Germany finally recognized discriminatory tax regimes against foreign investment funds

2 weeks ago

In two recent decisions by the German Federal Fiscal Court (BFH), two non-resident investment funds were found to have been discriminated against compared to German investment funds. This discrimination occurred because the non-German funds were subjected to withholding tax (WHT) on German dividends during the period from 2004 until the end of 2017. We will outline the key takeaways from these cases and their direct impacts on the funds you work with.

Facts of the bfh cases

A French FCP fund had paid German dividend WHT during the years 2008 to 2013. The plaintiff requested a refund of the WHT (15%) plus interest, citing the EU Free Movement of Capital (Article 63 TFEU). The BFH ruled that the French fund was entitled to equal treatment with comparable German investment funds, which would not have been subject to German WHT. In a second, nearly identical decision, a Luxembourg SICAV had similarly paid German dividend WHT (15%) during the years 2009 to 2013.

The German Federal Fiscal Court also decided that the claimants were entitled to interests on the overpaid WHT. Although this entitlement is not provided for in German national tax law, the BFH derived it from EU law, particularly from the obligation to effectively implement EU rules.

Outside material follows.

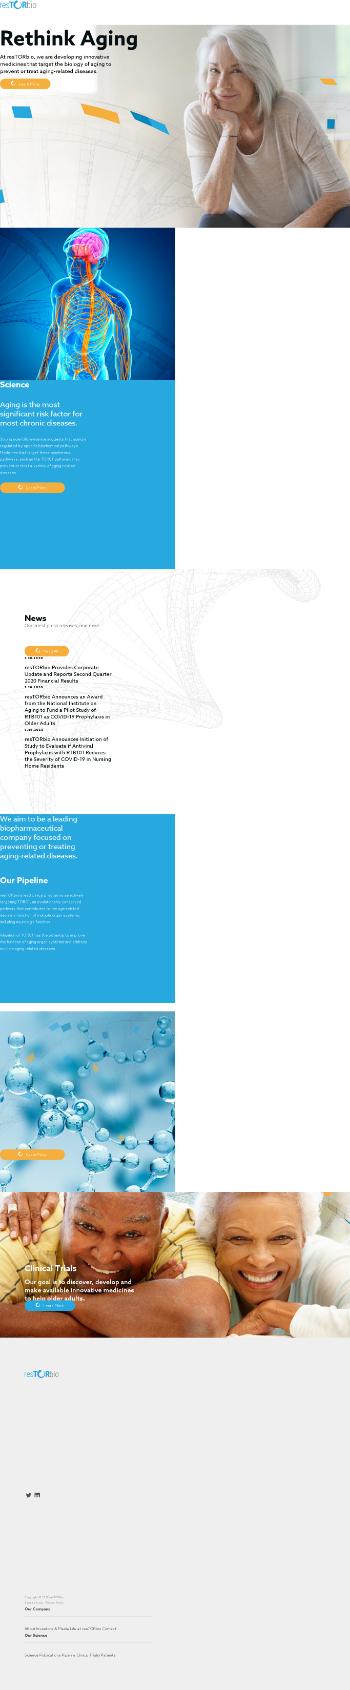 resTORbio, Inc. Website Screenshot

The interest period generally starts from the date the WHT was deducted and continues until the actual refund payment, at least from the year 2012 onward. For years before 2012, the interest period starts later, generally six months after the investment fund filed the WHT refund application.

The interest rate has not yet been determined. However, the BFH has indicated that the rate could be up to a maximum of 6% per year.

Impacts of the bfh decisions

These two recent decisions are favorable news for foreign investment funds, as they suggest that the German fiscal authority will eventually have to pay out billions of euros.

From a tax law perspective, these decisions add to the growing body of case law, and the legal questions appear to be settled. In several arguments favoring the plaintiffs, the two recent BFH decisions refer to a prior CJEU judgment on the discrimination of foreign real estate investment funds through German taxation.

However, the "game is not yet over" for the German tax authority.

First, the details regarding the applicable interest rate have yet to be decided, and the amounts at stake could be substantial.

Second, and operationally significant, is the following point: Both recent BFH decisions explicitly state that, based on their legal stance (no discrimination against non-resident investment funds) during the application process, the German Federal Office of Finance (BZSt) and the lower tax court did not examine whether the claimed WHT reimbursement amounts were factually correct — i.e., whether the WHT was actually paid by the plaintiff under German national tax law. In these cases, the plaintiffs submitted their own lists of dividends received and WHT paid, meaning the WHT-related facts have not yet been reviewed. The BFH noted that this review will now have to be conducted by the German tax authority (lower tax court), without providing further details on this matter.

Will this news impact the funds I work with?

It is important to note that these decisions pertain to WHT prior to 2018 and only apply if the claimants had already filed reclaims based on EU law and Article 63 TFEU. From 2018 onward, reclaims for German WHT refunds based on EU law are no longer viable.